Pressure centers on House Republicans on Homeland Security

Senate Majority Leader Mitch McConnell of Ky., accompanied by Senate Majority Whip John Cornyn of Texas, right, and Sen. John Thune, R-S.D., rear, speaks to reporters on Capitol Hill in Washington, Tuesday, Feb. 24, 2015, to talk about his move to disentangle one of two contested immigration measures from the Homeland Security budget and debate the issues separately, as the Senate faces an impasse over provisions attached to the spending bill aimed at blocking President Barack Obama's executive actions on immigration. (AP Photo/J. Scott Applewhite)

WASHINGTON (AP) — The pressure is increasing on House Republicans after the party’s Senate leaders agreed to Democratic demands and announced legislation to fund Department of Homeland Security without contentious immigration provisions opposed by President Barack Obama.

Spending for the Homeland Security Department expires Friday at midnight and if Congress doesn’t act before then, the agency responsible for overseeing the country’s borders will be partially shut down.

With the Senate decision, the question of whether to fund the department is in the hands of House Republicans who must now decide whether to risk a partial shutdown in order to take a stance on Obama’s immigration policies.

House Republicans scheduled a closed-door caucus meeting for Wednesday morning, their first since returning from a weeklong congressional recess.

Several Republican lawmakers insisted they could not accept the two-part strategy proposed by Senate Majority Leader Mitch McConnell: a vote on legislation to fund the Homeland Security Department, and a separate vote to overturn Obama’s recent executive actions sparing millions of immigrants in the U.S. illegally from deportation.
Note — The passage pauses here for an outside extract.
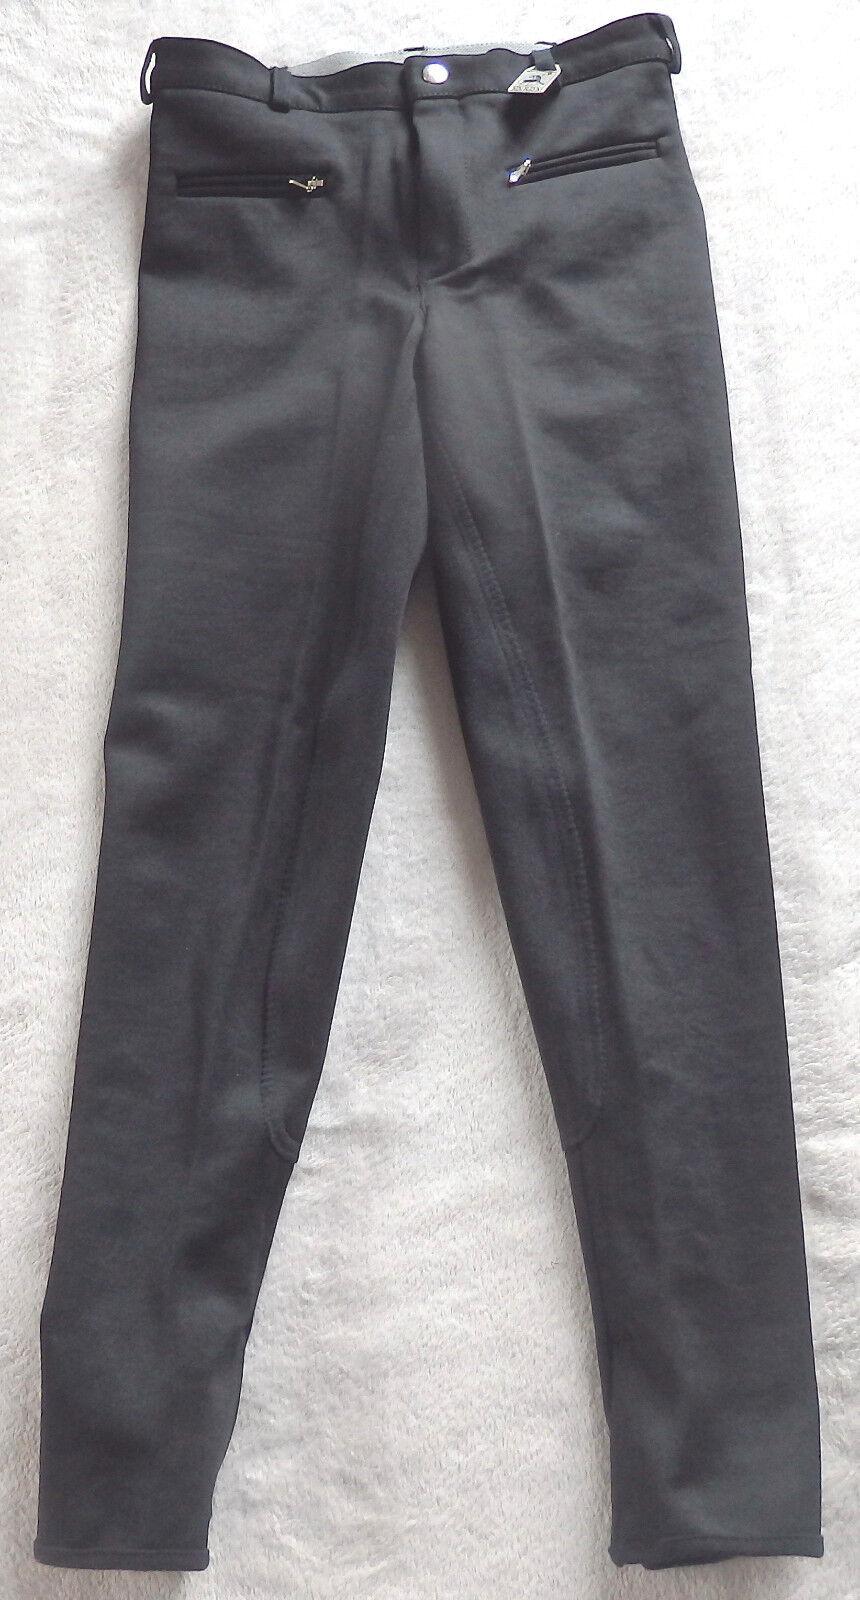 Kyron Softshell reithose, 3 3 3 4 ribete de pleno, negro, talla 42, Alexa invierno, (d99) 217bda

The approach “is tantamount to surrender,” said Republican Rep. Matt Salmon. “I will fight against any funding bill that does not fully defund the president’s illegal actions.”

Yet with the partial shutdown looming, options were few for Republicans who won full control of Congress in November’s elections.

They could allow the agency’s funding to expire, violating their leaders’ promises that there would be no more shutdowns on the Republicans’ watch. They could try to pass a short-term extension of current funding levels, postponing the conflict to another day. Or they could go along with McConnell’s strategy of funding the agency fully while registering their disapproval of Obama’s immigration policies with a separate vote.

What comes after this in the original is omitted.